According to government records, 8900 cases filed under the Atrocities Act were found to be false in 2016. The Atrocities Act can be invoked at any time to inflict vengeance, as happened in the case of a retired army man in Agra. Following a scuffle involving children from both communities, the SC/ST Act was enacted.

When you combine the slow pace of the Indian judicial system with the draconian Atrocities Act, it’s easy to see why judicial reform is so important. The general rule of law is that one is innocent unless proven guilty, but there are no provisions for compensation if courts make mistakes, as in the case of Tiwari. Shouldn’t those who file false charges be held accountable?

NHRC (National Human Rights Commission) action

The National Human Rights Commission (NHRC) has released summons to the Uttar Pradesh chief secretary and director general of police, demanding a detailed report on Tiwari’s 20-year detention, noting that this appears to be a non-application of Section 433 CrPc.

The government has the power to commute sentences under Section 433. The NHRC has also requested information on the actions taken against public officials involved in the case, as well as the measures taken to rehabilitate Tiwari.

Solutions & recommendations to ensure improvement in the legal aid system 

The goal of legal aid can be reached when all the poorest and most vulnerable are aware of this and gain from it, as it is their constitutional right. As a result, some changes can be introduced to the legal assistance system to address those gaps.

Legal assistance and legal education programs

There should be a large-scale organization of legal services camps and Lok Adalats to raise public consciousness about people’s human rights and free legal aid services for the vulnerable. The foundation of privilege facilities in various backward regions should be encouraged to educate people about their rights and laws and to enable them to use free legal services to resolve disputes by Alternative Dispute Resolution, Lok Adalats, and other means.

The task to Boost Legal Literacy

Other developing countries have two-year or five-year missions to educate citizens about their rights and laws. India should also implement a five-year plan to inform citizens about their legal rights and responsibilities.
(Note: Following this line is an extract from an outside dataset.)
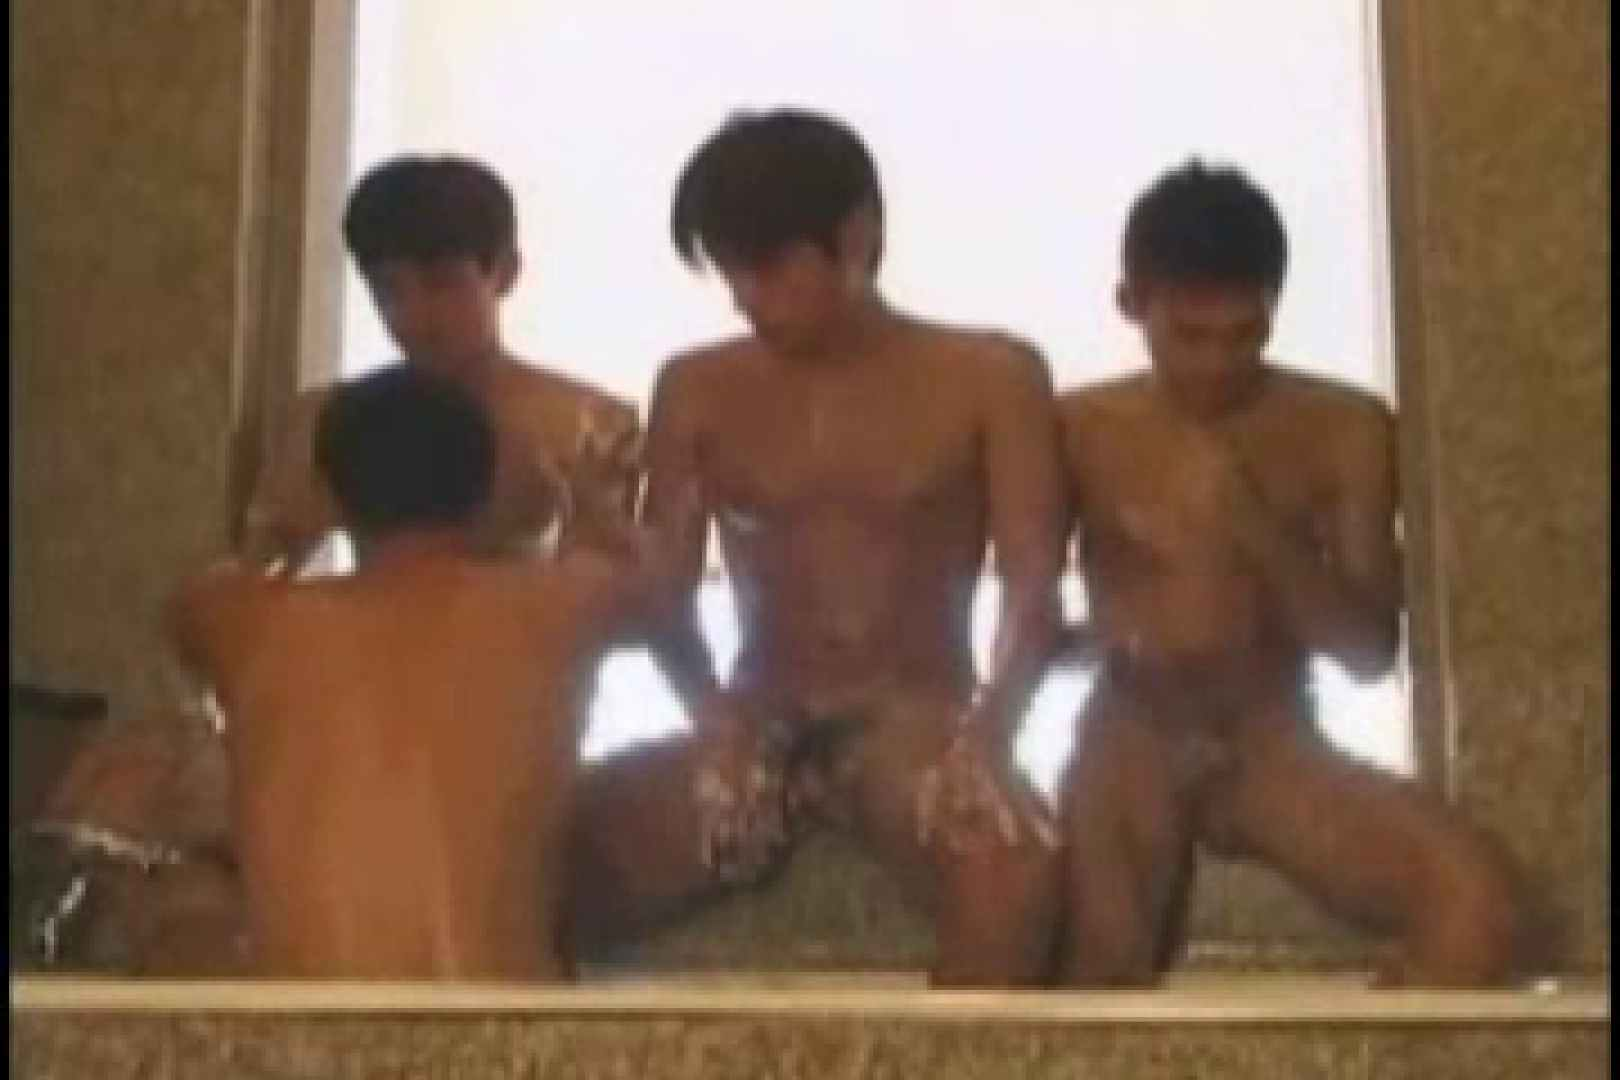 men's限定マル秘乱交サークル part.01 エロ  65pic 20

An approach based on feedback

The evaluation of the function of the counsels can be done using a feedback method, which entails asking people for feedback on the counsel’s work and then compiling proper status reports for each advocate. All of this could be achieved by establishing a proper oversight committee.

Attorneys should be paid more

Lawyers today find it hard to manage out their services for free in a competitive market like litigation because they are not interested in offering free legal services and want to be paid for their services. As a result, the salary given to lawyers by the courts of the state for representing or assisting the accused of free should be increased.


Hence, some of the shortcomings in the system lead us to conclude that our system needs urgent change. The foundations of the criminal justice system must be improved, including the police, the courts, and the system of justice. Investigations must change, regulations must be strictly followed, and the judiciary must take a more prominent role. For appealed cases, there should be regular inspections, and the jail authority should vigorously pursue commutations of sentences for people who have been confined for a long time. To Sum up, each division of the criminal justice system should work together to achieve that no innocent citizens feel the brunt of our system’s shortcomings.